Technical, Office, and Professional (TOP) Workers
In the 1990s, the UAW began to focus on new areas of organizing both geographically (in places like Puerto Rico) and in terms of occupations, with new initiatives among university staff, freelance writers (through the subsidiary National Writers Union) and employees of non-profit organizations, including workers at Mother Jones Magazine and the Sierra Club who are represented by UAW Local 2103.

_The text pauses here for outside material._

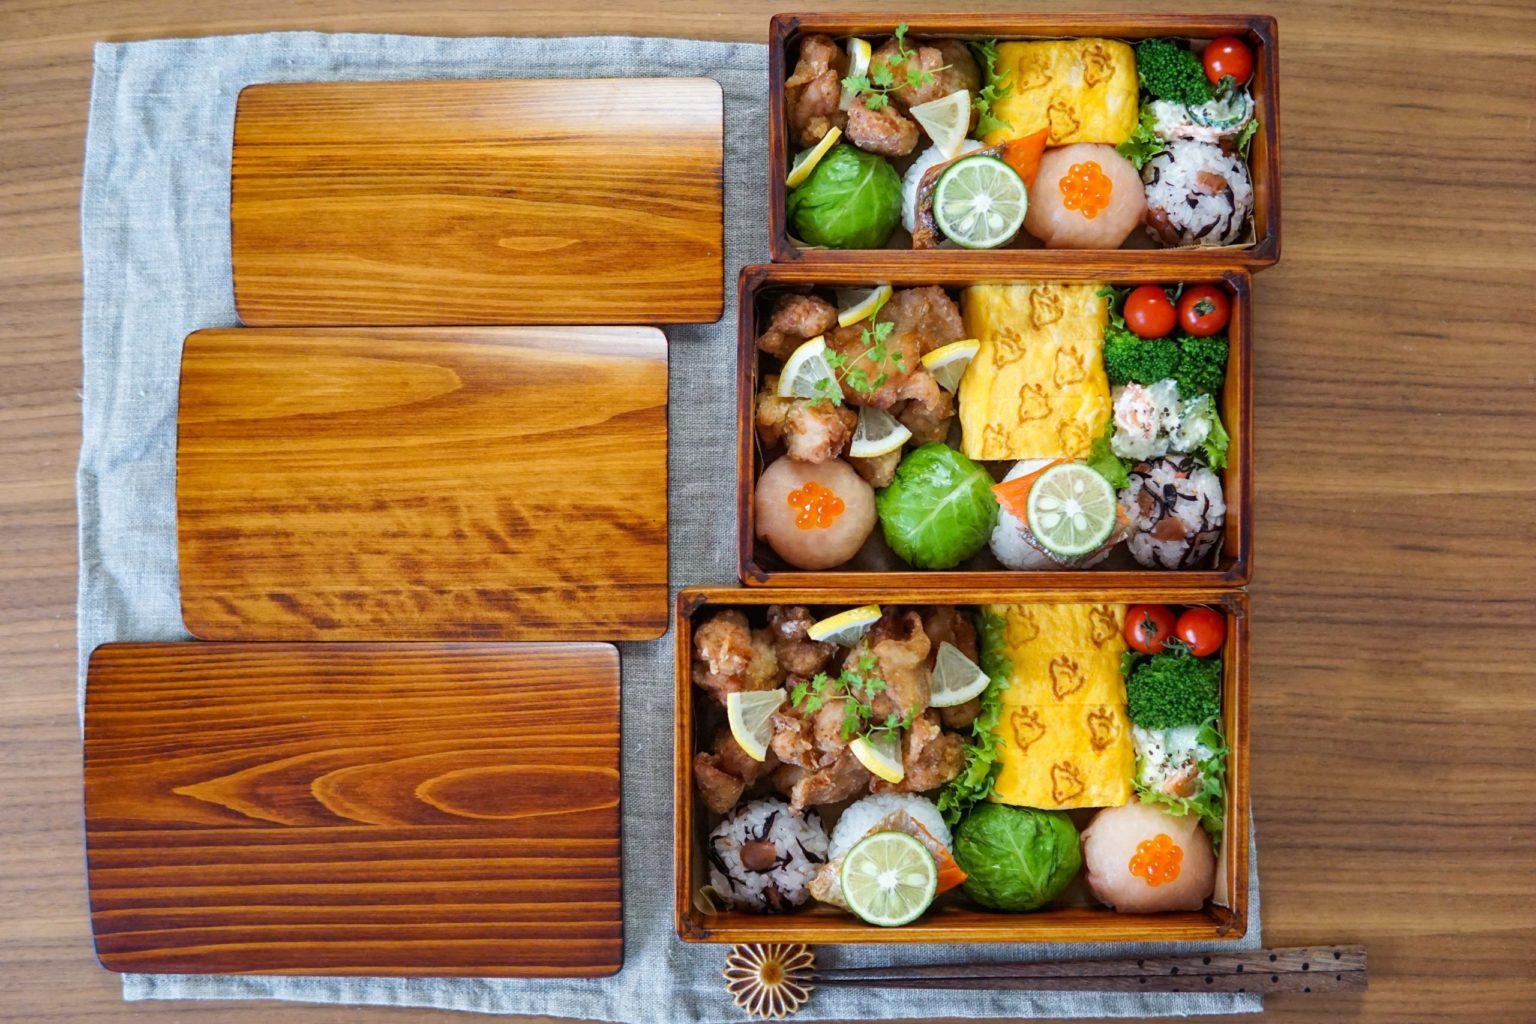 日本製 木製弁当箱 漆塗り 高級感あるお弁当箱 木の弁当 大分県

The UAW took on the organization of academic student employees (ASEs) working at American universities as teaching assistants, research assistants, tutors, and graders under the slogan "Uniting Academic Workers". As of 2011, the UAW represents more student workers than any other union in the United States of America. Universities with UAW ASE representation include the University of California (UAW Local 2865), California State University (UAW Local 4123), University of Massachusetts Amherst (UAW Local 2322), University of Washington (UAW Local 4121), and New York University (UAW Local 2110). In 2008 the 6,500 postdoctoral scholars ("postdocs") at the ten campuses of the University of California, who combined account for 10% of the postdocs in the nation, voted to affiliate with the UAW, creating the largest union for postdoctoral scholars in the country: UAW Local 5810.
The expansion of UAW to academic circles, postdoctoral researchers in particular, was significant in that the move helped secure advances in pay that made unionized academic researchers among the best compensated in the country in addition to gaining unprecedented rights and protections.